Im Gegenteil wirkt er bei einigen Antworten sogar verschmitzt, vor allem aber ist sein Auftritt getragen von einer Mischung aus Freude an und Respekt vor der neuen Aufgabe.
Den Ernst der Lage weiß der Schweizer, der an seiner letzten Station in Berlin ganz ähnliche Situationen erlebt hat, durchaus einzuschätzen. Wie offen er auch darüber spricht, ist aus Mainzer Sicht wohltuend: Der Klub kenne solche Situationen, das sei schon ein Vorteil, zugleich aber keine Garantie dafür, dass es auch diesmal reicht. Die Aufgabe, es zu versuchen, nimmt er an.
Mit Fischer kehrt ein pragmatischer Ansatz in die Landeshauptstadt zurück. Sich selbst beschreibt der Coach als authentisch, und so ist auch seine Wirkung. Für Träume und Kurvenflitzereien ist jetzt nicht die Zeit, und ohnehin ist er nicht der Typ dafür. Seine Bodenständigkeit ist in der aktuellen Lage genau richtig.
„Jungs, denkt von Spiel zu Spiel“
Deutlich wird, dass der neue Trainer das sichtbar verunsicherte Team nicht überfrachten möchte. Geht es um Prinzipien und was man den Spielern als Coach mitgeben will, sei er zunächst sehr behutsam, erklärte der erhoffte Retter: kleine Schritte, aus denen sich große ergeben. „Jungs, denkt von Spiel zu Spiel“, laute die Lösung. Und ja, gesteht der Schweizer ein, der Satz gelte gemeinhin als Phrase. Doch deswegen sei er nicht weniger wahr.
Es ist ein Ansatz, der vom letzten Tabellenplatz aus durchaus funktionieren kann: Schauen, was da ist, wer sich wie einbringen kann, und behutsam Kleinigkeiten verändern.
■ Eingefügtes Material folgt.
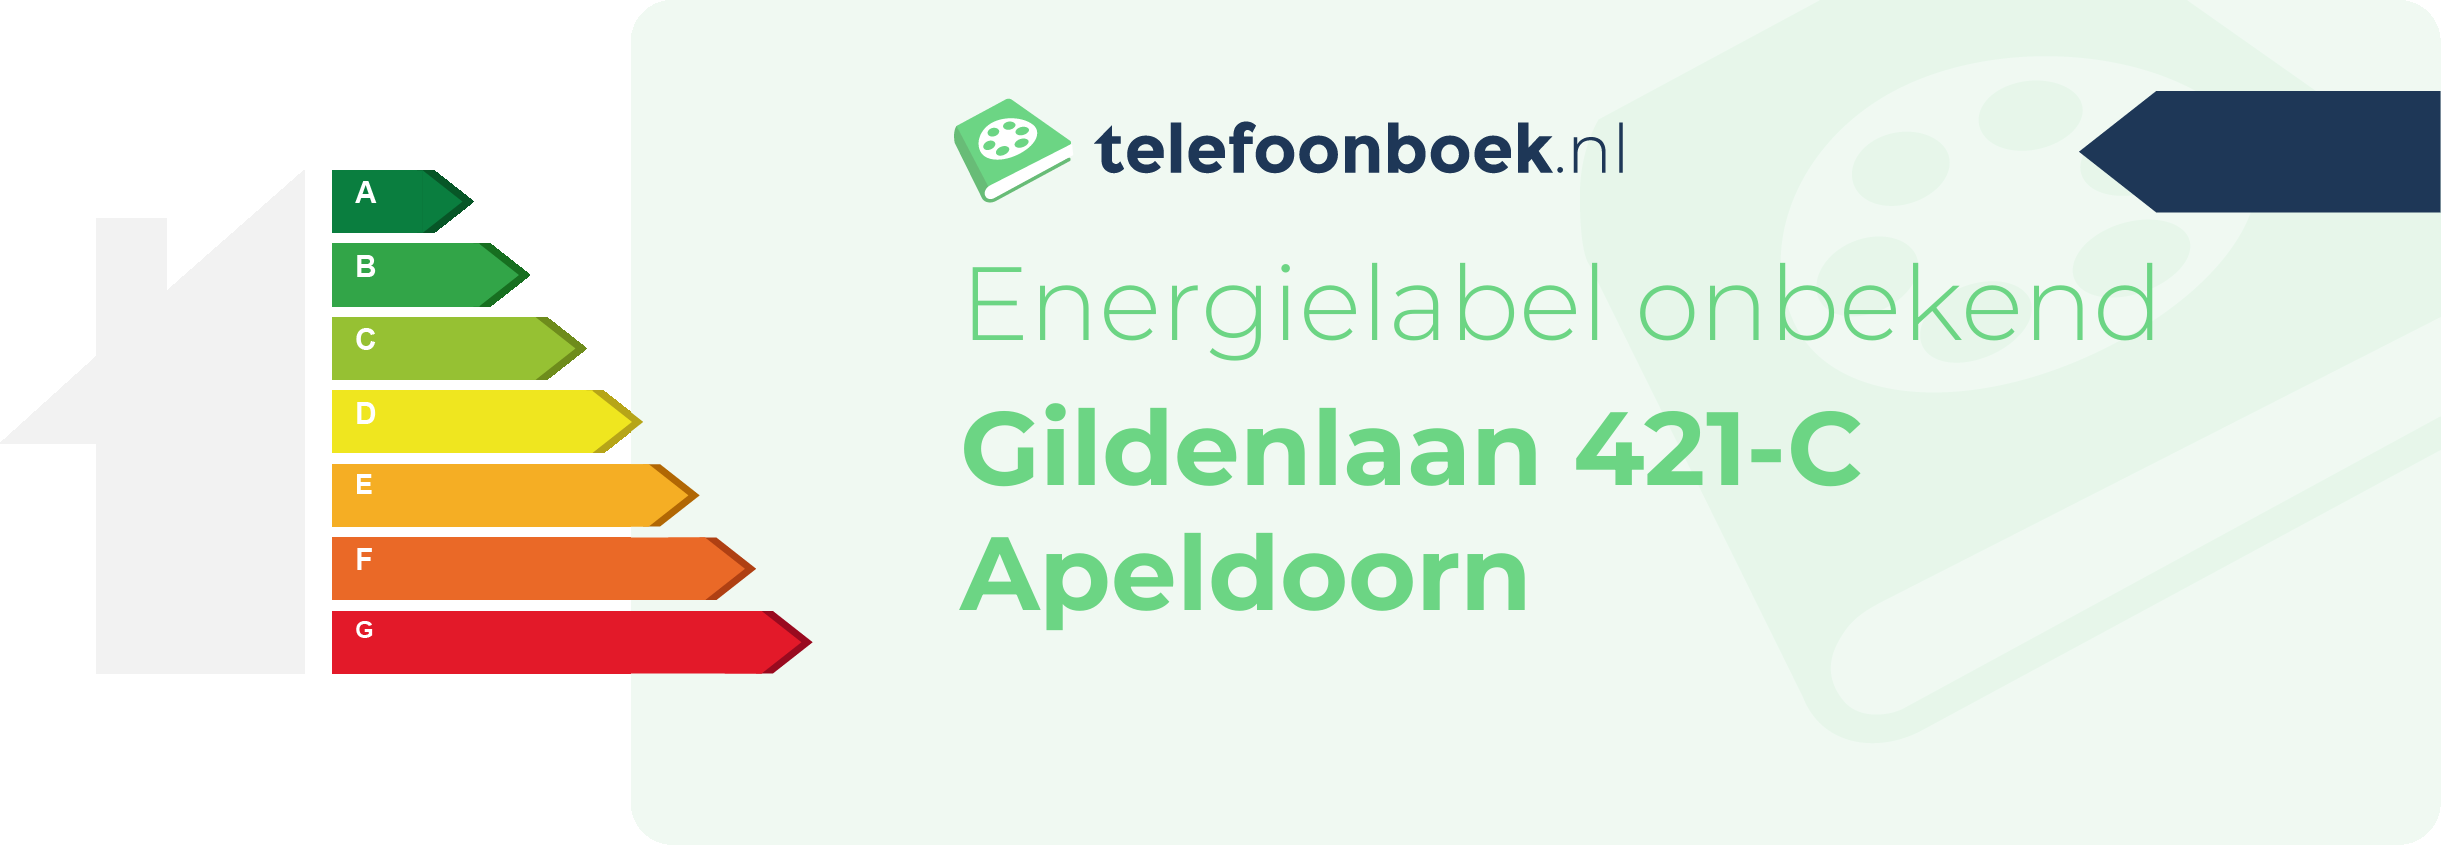 Energielabel Gildenlaan 421-C Apeldoorn

Denn die Verunsicherung dieser Mannschaft war zuletzt greifbar. Aber es gibt eben auch die Ahnung, dass diese mit etwas Geduld aus den Köpfen zu bekommen ist.
Das Spiel unter Interimscoach Benjamin Hoffmann begann mit einer erkennbar verbesserten Haltung, die jedoch beim kleinsten Widerstand zerbröselte. An die positiven Signale können Fischer und sein Trainerteam anknüpfen, Mut geben, zarte Impulse setzen.
Immerhin steht, abgesehen vom abgewanderten Jonathan Burkardt und einigen verletzten Spielern, ein Team auf dem Feld, das in der Vorsaison noch fulminant auf Rang 6 gestürmt ist. Daran erinnerte auch der Coach in seiner ersten Pressekonferenz.
Keine taktische Revolution
Allzu große Veränderungen in der Spieltaktik möchte Fischer, der Benedict Hollerbach und Lennard Maloney aus der gemeinsamen Zeit in Berlin kennt, zunächst nicht vornehmen.
Es sei von ihm keine Umstellung auf die Viererkette zu erwarten: Um derartige Veränderungen durchzubringen, brauche es eine gemeinsame Vorbereitung. Fischer weiß, dass sein Spielstil nicht unbedingt mit Attraktivität verbunden wird. Damit kann er aber leben, betont er und fragt, ob denn ein langer Ball nicht attraktiv sein könne?
Kompaktheit, gemeinsames Verschieben, Organisation auf dem Platz. Die so genannten Basics. Getragen von den erfahrenen Spielern, gespickt mit individueller Klasse und dem einen oder anderen Nachwuchskicker, den man beizeiten ins kalte Wasser wirft. Das ist kein revolutionäres Konzept. Aber eines, das aufgehen kann in Mainz.